The default contrast matrix \(\mathbf{C}_a\) for factor Diet is:
contrasts(CWf$Diet)## 2 3 4
## 1 0 0 0
## 2 1 0 0
## 3 0 1 0
## 4 0 0 1
Which gives contrasts between all levels except the first with the first level. This is called the corner-stone parameterization. The estimated coefficients are:
coef(anW1)## (Intercept) Diet2 Diet3 Diet4
## 156.3 58.4 114.0 73.0
With these coefficients, we test if the weight of diet 1 differs from the other diets:
coefficients(summary(anW1))## Estimate Std. Error t value Pr(>|t|)

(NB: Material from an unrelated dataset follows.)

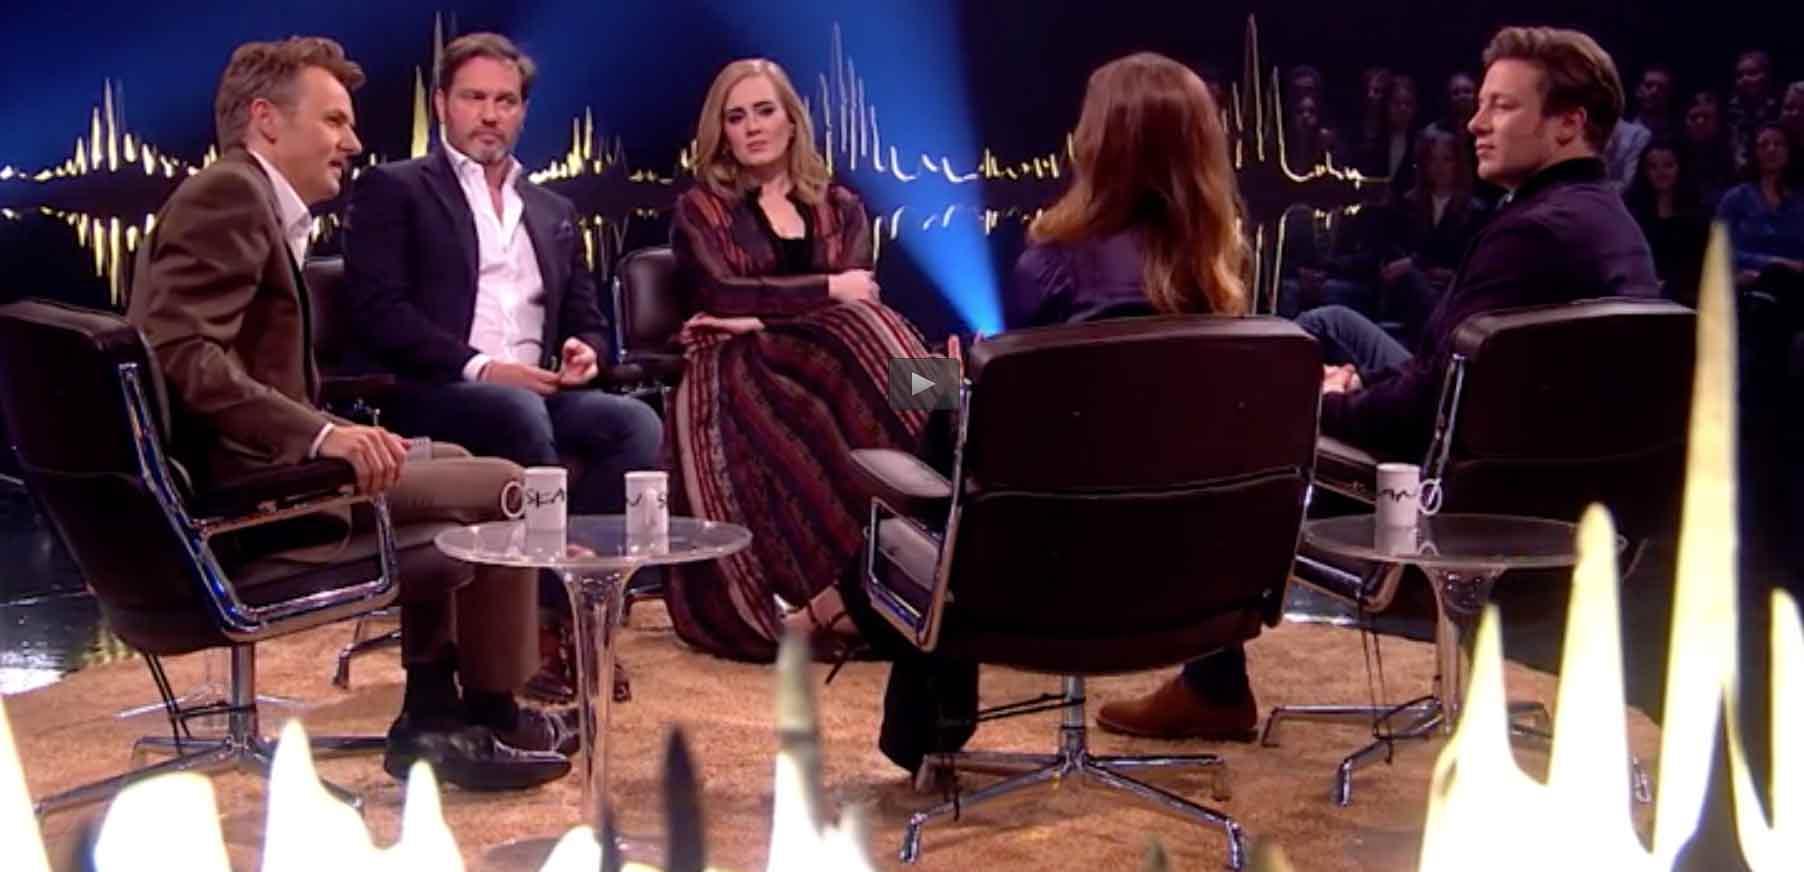 Fredrik Skavlan, Chris O'Neill, Adele, Madeleine och Jamie Oliver i SVT:s ”Skavlan”.

## (Intercept) 156.3 15.35332 10.180208 2.299269e-13
## Diet2 58.4 26.59273 2.196089 3.316560e-02
## Diet3 114.0 26.59273 4.286886 9.175867e-05
## Diet4 73.0 26.59273 2.745111 8.600299e-03
We can define custom contrast matrices, or use other options for the contrast. E.g. another corner-stone parameterization takes the last level of Diet as the reference. Specify the contrast matrix for it and use this contrast matrix in lm as follows:
(Ca <- contr.treatment(levels(CWf$Diet),base=4))## 1 2 3
## 1 1 0 0
## 2 0 1 0
## 3 0 0 1
## 4 0 0 0
anW2 <- lm(weight ~Diet, contrasts=list(Diet=Ca), CWf)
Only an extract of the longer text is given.